Turner, Kathryn G.; Huang, Daisie I.; Cronk, Quentin C.B.; Rieseberg, Loren H. (2017). Data from: Homogenization of populations in the wildflower Texas bluebonnet (Lupinus texensis) [Dataset]. Dryad.


Wildflowers seeds are routinely spread along highways and thoroughfares throughout North America as part of federal beautification policy, but the genetic effect of the introduction of these cultivated populations on wild populations of the same species is unknown.
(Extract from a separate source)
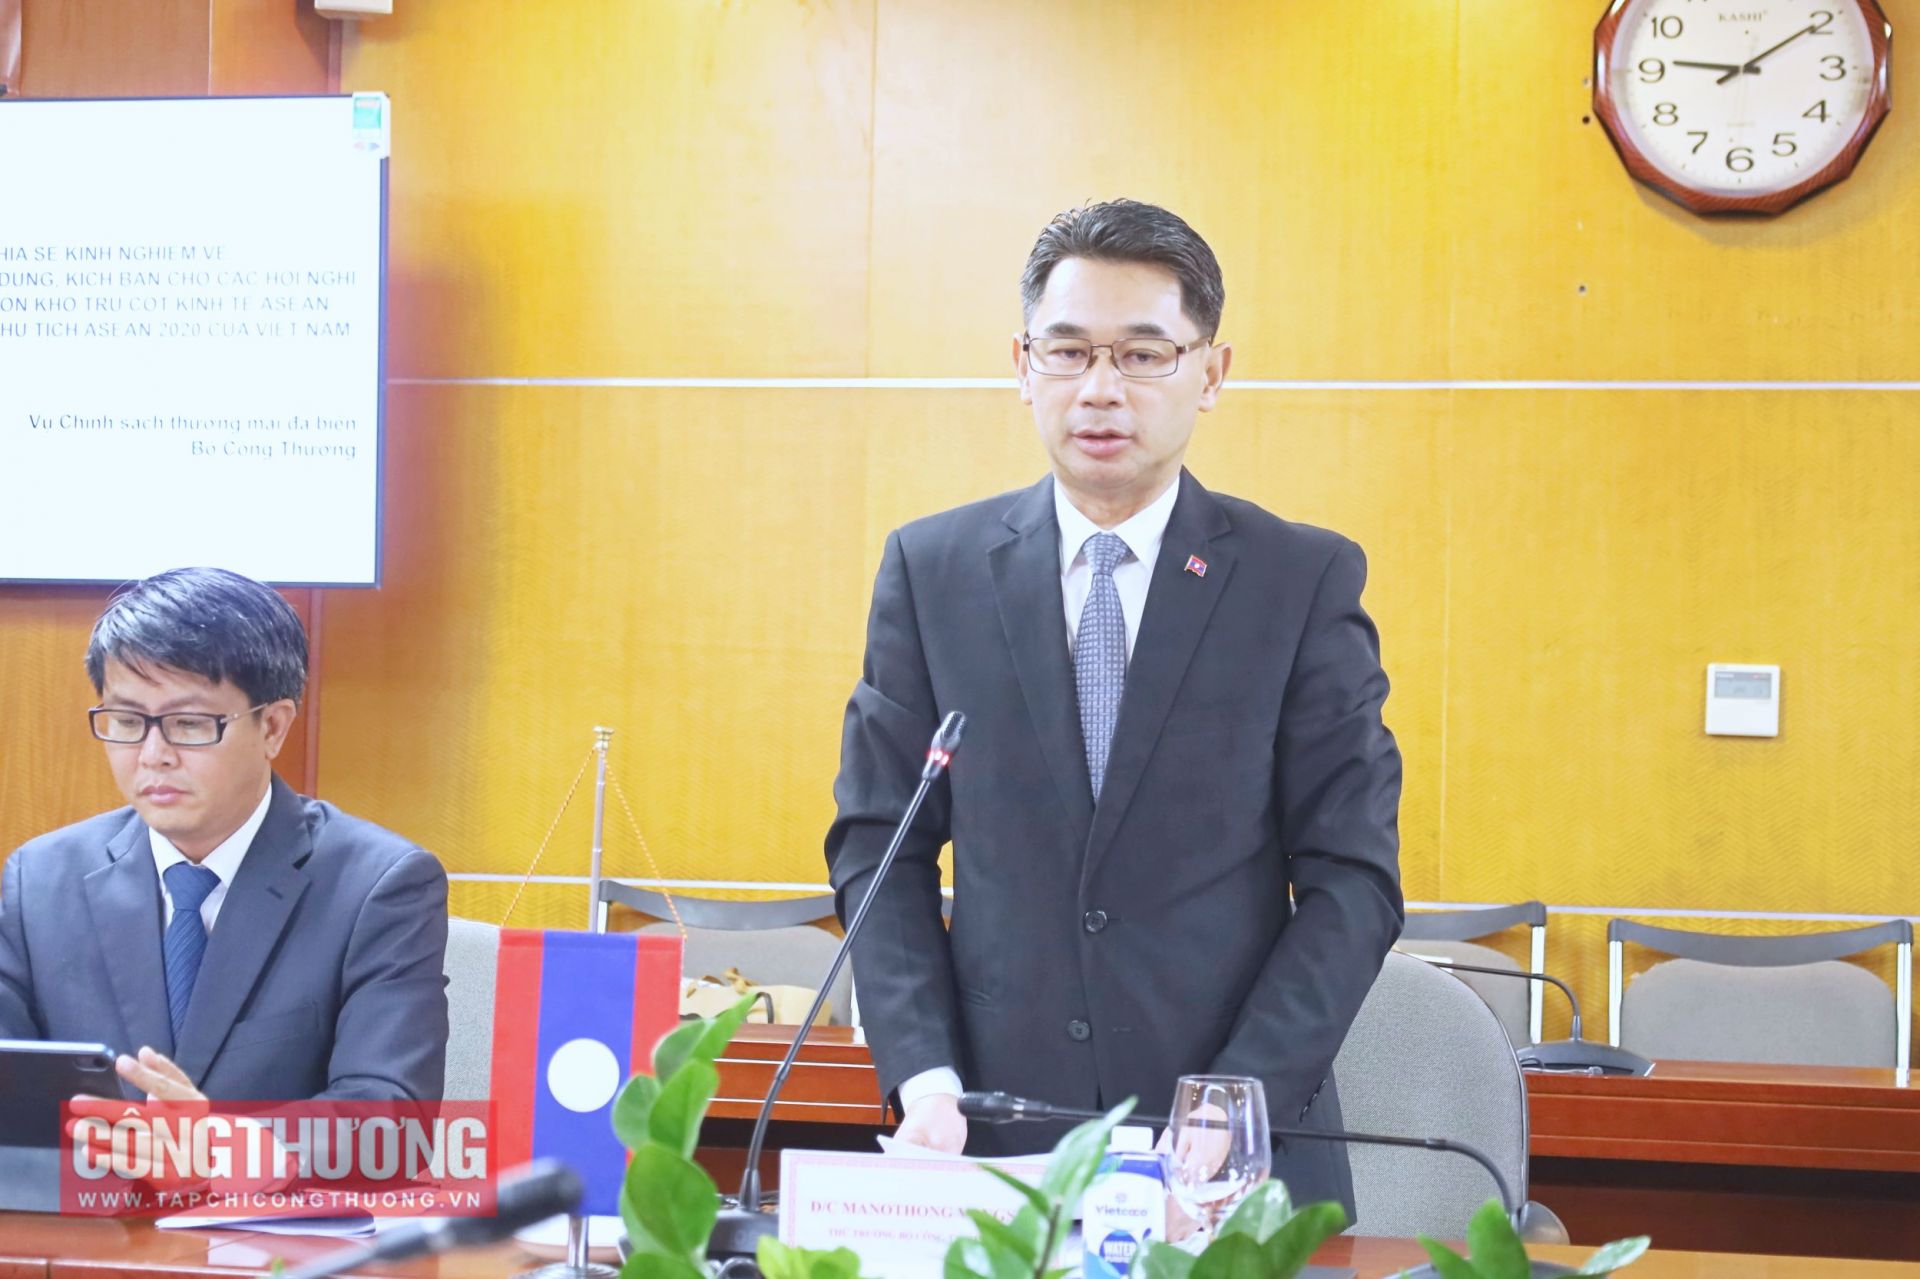 Thứ trưởng Nguyễn Sinh Nhật Tân tiếp đoàn Bộ Công Thương Lào

Interbreeding may occur between these seeded and wild populations, resulting in several possible outcomes. Here we sample 187 individuals in 12 matched pairs of neighboring wild and seeded populations of the Texas bluebonnet (Lupinus texensis), a species popular in commercially available wildflower seed mixes used by both the Texas Department of Transportation and the public. We use genotyping by sequencing to identify 11,741 genome-wide single nucleotide polymorphisms, as well as a smaller number of SNPs from the chloroplast genome, to analyze population structure and genetic diversity within and between the populations. We find a striking lack of population structure both between wild and seeded populations and amongst wild populations. STRUCTURE analyses indicate that all populations are apparently panmictic. This pattern may be explained by extensive swamping of wild populations by seeded germplasm and increased dispersal of semi-domesticated seed across this species’ core native range by humans. We discuss the possible negative and positive ramifications of homogenization on the evolutionary future of this popular wildflower species.